The Limit Comparison Test: Let $\{a_n\}$ and $\{b_n\}$ be positive sequences, and suppose that $$ \lim_{n\to\infty} \frac{a_n}{b_n} = c \neq 0 $$ for some constant $c$, then $\sum a_n$ and $\sum b_n$ either both converge or both diverge.
First note that if $a_n/b_n \to c$, then that implies that for every $\varepsilon > 0$, there exists an $N \in \mathbb{N}$ such that if $n \in \mathbb{N}$ satisfies $n \ge N$, then $|a_n/b_n - c| < \varepsilon.$ This has to be true for every $\varepsilon > 0$, so it must be true for $\varepsilon = c$ as well (as $a_n/b_n$ is a ratio of two positive numbers).

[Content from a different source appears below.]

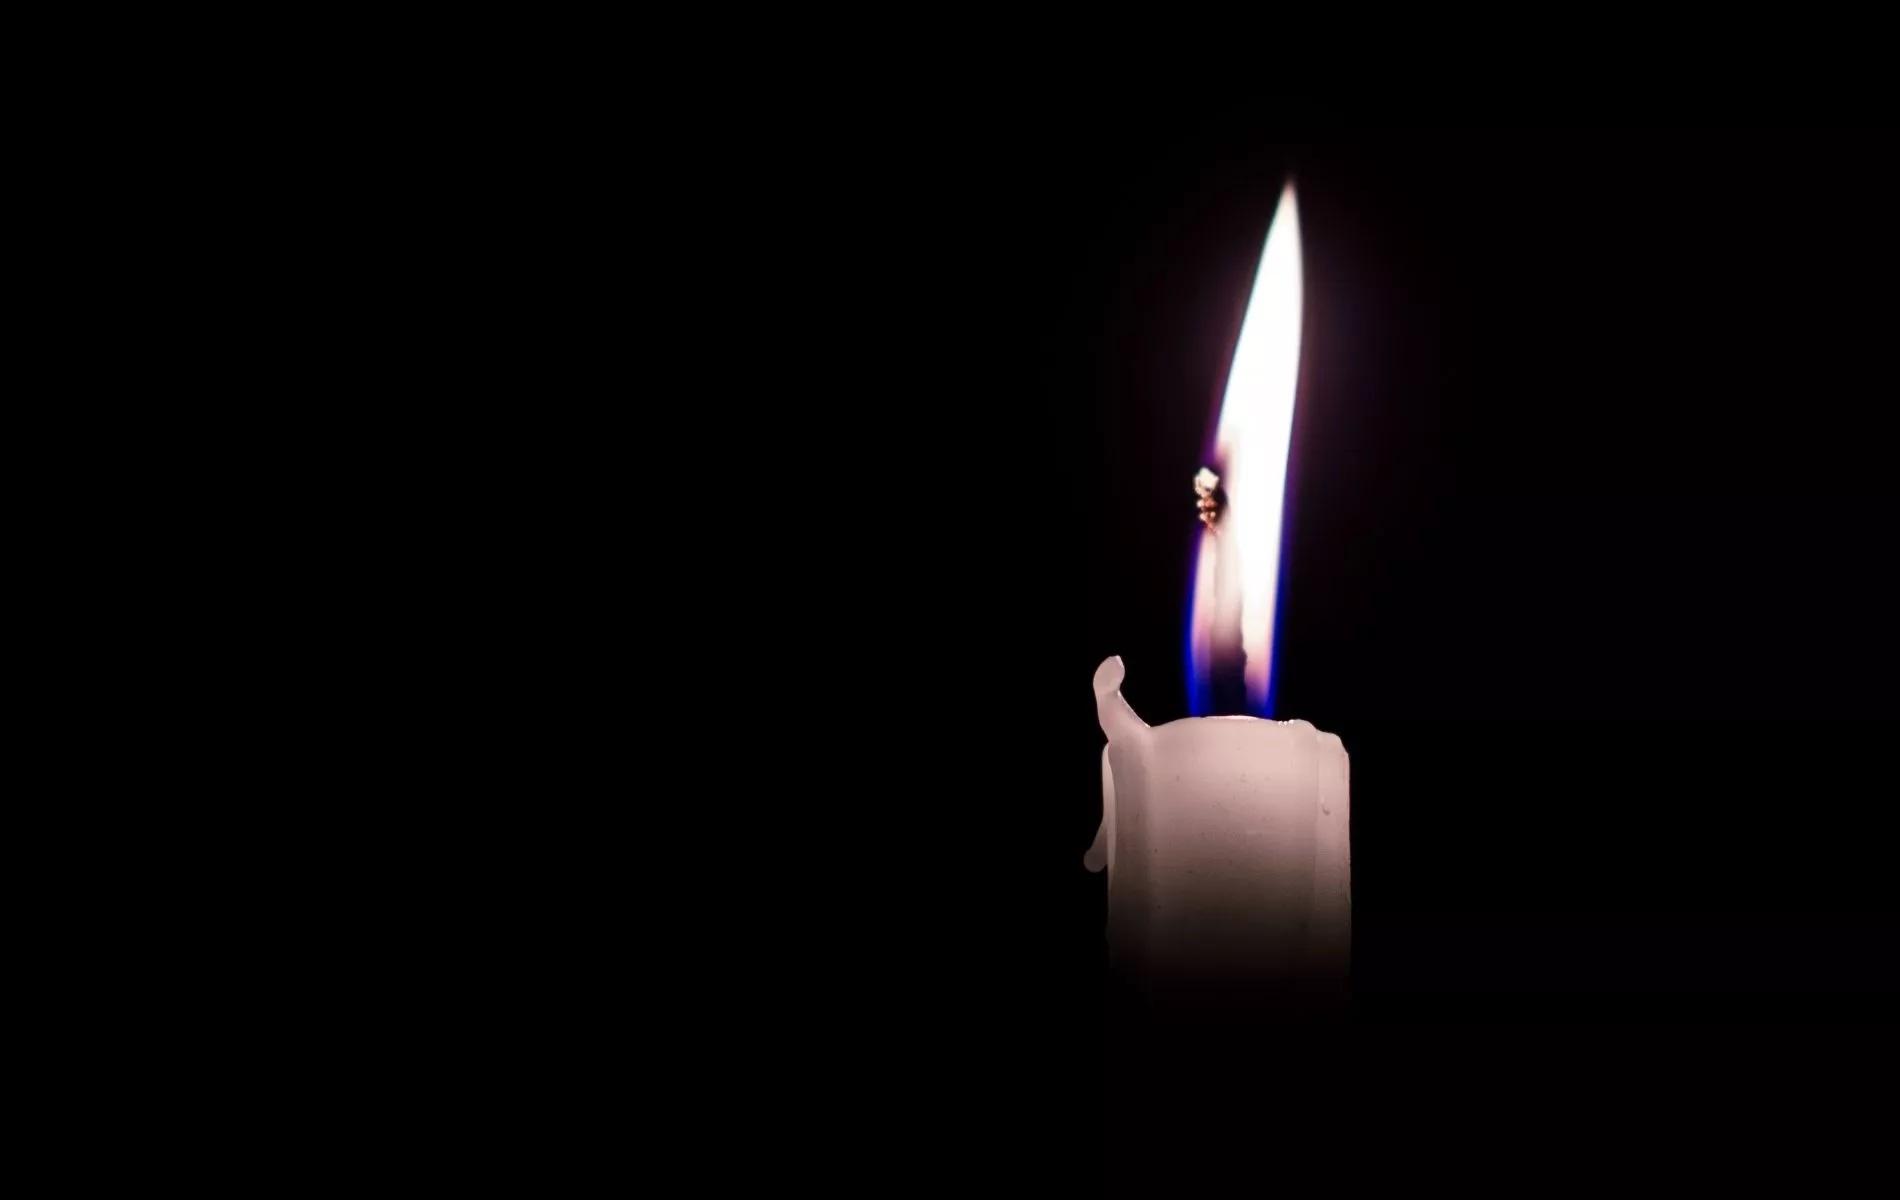 Candle black wallpaper

Therefore, we have that $$\frac{a_n}{b_n} - c \le \left| \frac{a_n}{b_n} - c \right| < c,$$ where we applied the triangle inequality. So we have that $$\frac{a_n}{b_n} \le 2c \implies a_n \le 2cb_n. \quad\text{(for large enough }n)$$ By the Series Comparison Test, this tells us that if $\sum b_n$ converges, then $\sum a_n$ converges as well. Note that we also have that $$c - \frac{a_n}{b_n} \le \left| c - \frac{a_n}{b_n} \right| < c/2,$$ where we applied the triangle inequality. Using similar algebra as before, we get that $b_n \le \tfrac{2}{c} a_n$. By the Series Comparison Test, if $\sum a_n$ converges, then $\sum b_n$ will converge as well.
I do not have a teacher/professor, and I am just self-studying so I am looking for feedback on the proof above. Thank you, and feel free to be as pedantic as you would like.